The legendary civil rights activist and author, Kevin Alexander Gray, debunked Bill Clinton’s “symbolic” relationship with the Black Community as a cheap political stunt and a means to an end – whose last bus stop was in 2000. In a 2002 article titled, “Clinton and Black Americans Soul Brother?” Gray exposed the silliness of Black celebrities who – through the culpability of naïve Black masses – had hopped on the bandwagon to celebrate President Clinton as an honorary Black Man. “… What makes Clinton’s race act so successful is that black America never asked him to do much to begin with… For 12 years before Clinton, Ronald Reagan and George Bush insulted and ignored black people. Consequently, when Clinton wooed African Americans, most were just happy someone was finally paying attention… The notion of Clinton as a great friend of the black community or defender of civil rights is… crazy.”

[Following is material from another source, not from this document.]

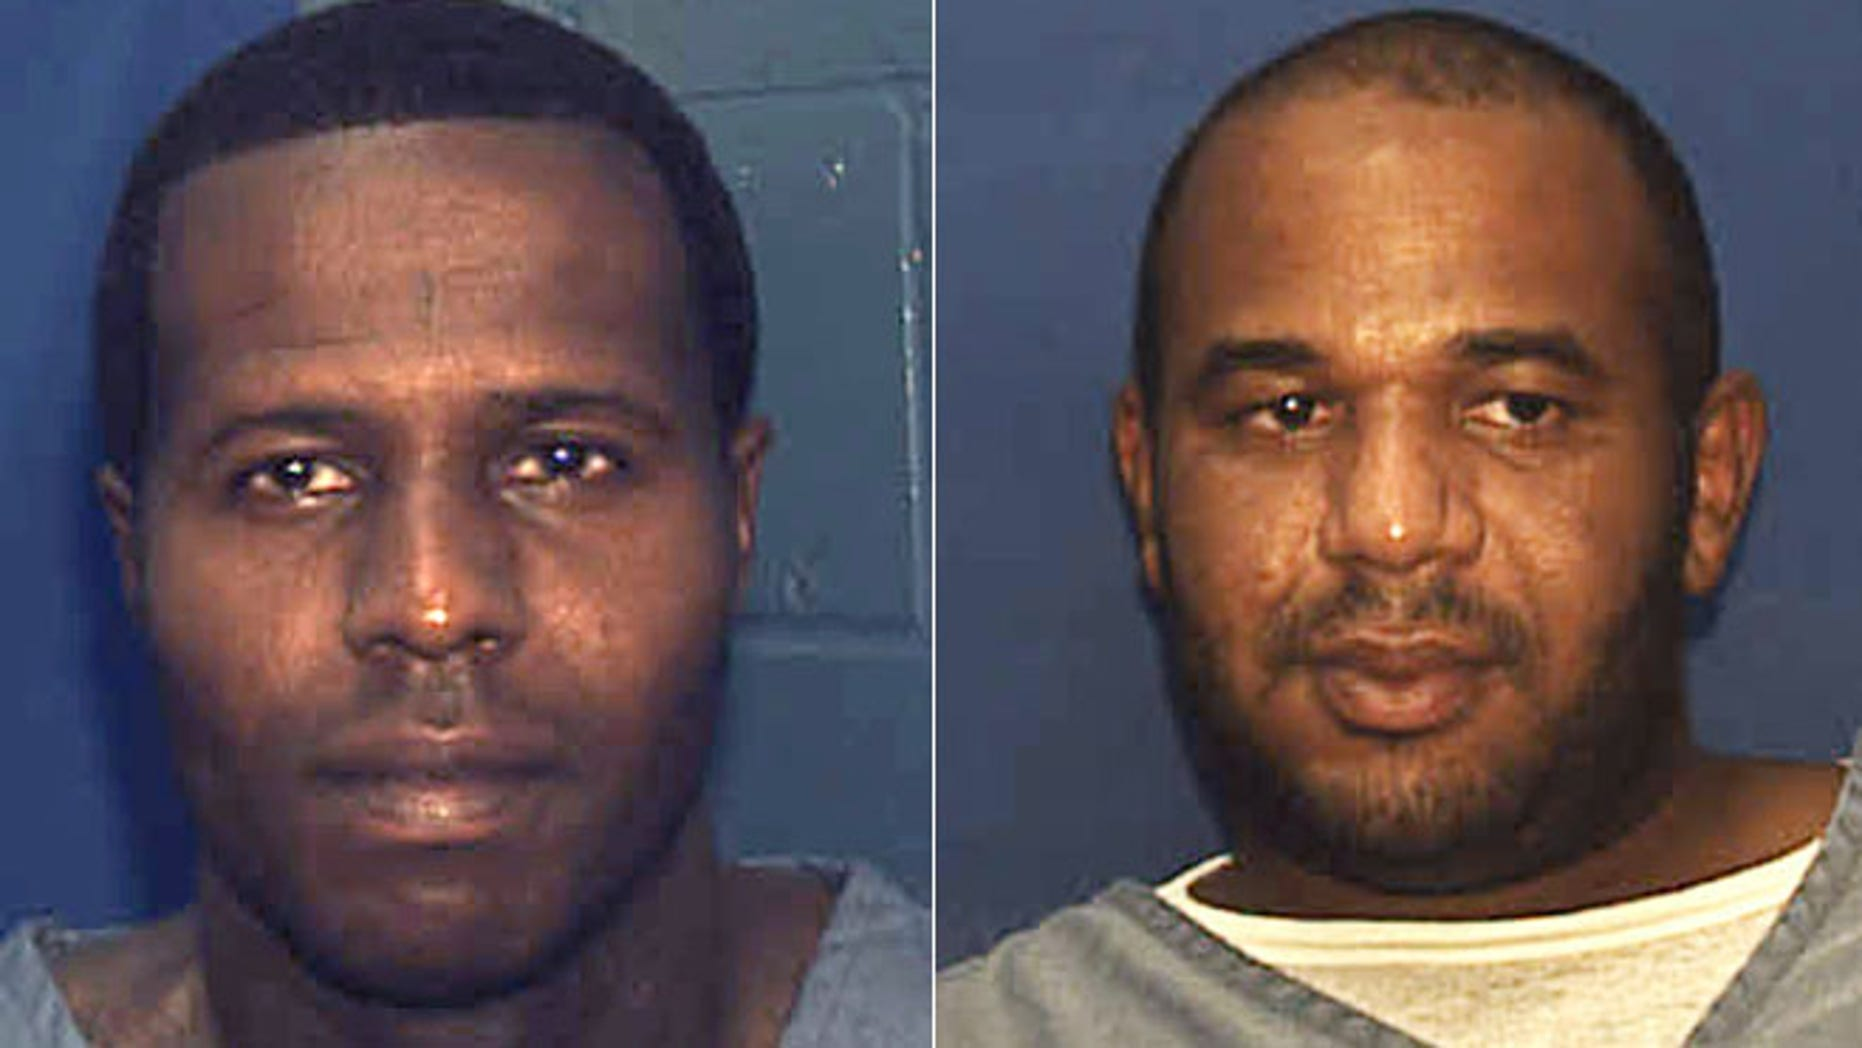 This split shows Charles Walker (left) and Joseph Jenkins (right).

In 2008, if progressives would candidly admit, Barack Obama’s unusual relationship with the Black Community is eerily reminiscent of that from which Bill Clinton benefited. In fact, as late as October 2007, Barack Obama still – according to polls – trailed Sen. Clinton by 13 points in the Black Community. Not until recently, was there the 90% percent phenomenal-like sustainment that helped deny Hillary Clinton the Democratic Presidential nomination. It was widely reported that Blacks had withheld support from Obama because they never perceived him as a realistic candidate. Let’s explore that for a minute. Black folks pride themselves with the false-assertion that the only reason they withdrew their endorsement from Hillary, was as payback for Bill and Hill’s racially inflamed and denigrating statements toward the Black Community and their slain leaders. Nevertheless, many Black voters would readily admit that if not for the overwhelming amount of White voters in Iowa who poured out their support for Obama, Hillary Clinton would have, more than likely, clinched the Democratic Presidential Nomination. This clear insinuation that the exemption of White Iowan’s validation of Sen. Obama’s candidacy would have done very little to damage the relationship between the Black Community and the Clintons – Bill and Hill’s acerbic remarks notwithstanding – is simply stunning!!!

With such a precedent, the future is at best bleak for a people who stubbornly refuse to develop the political maturity for which Malcolm X so strongly advocated. When choosing a running mate, Sen. Obama opted for a man whose portfolio on the Black Community – and financially disempowered folks of all color – reeks of unmitigated indifference and static apathy.

Black folks of conscience must, at this moment, WAKE UP, and resist the satanic beast of acquiescence. Now is not the time to revel in the inept pleasure of seeing “one of our own,” in the highest seat of the land. If we cannot lend credence to our conscience, and all we pursue is the felicity of an historical moment, we would have to explain to the next generation – and the one coming after them – why their livelihood was traded for the comfort of the historicalness of Obama’s presidency. As far as I can tell, it’s not just Black folks engaging in quid pro quo.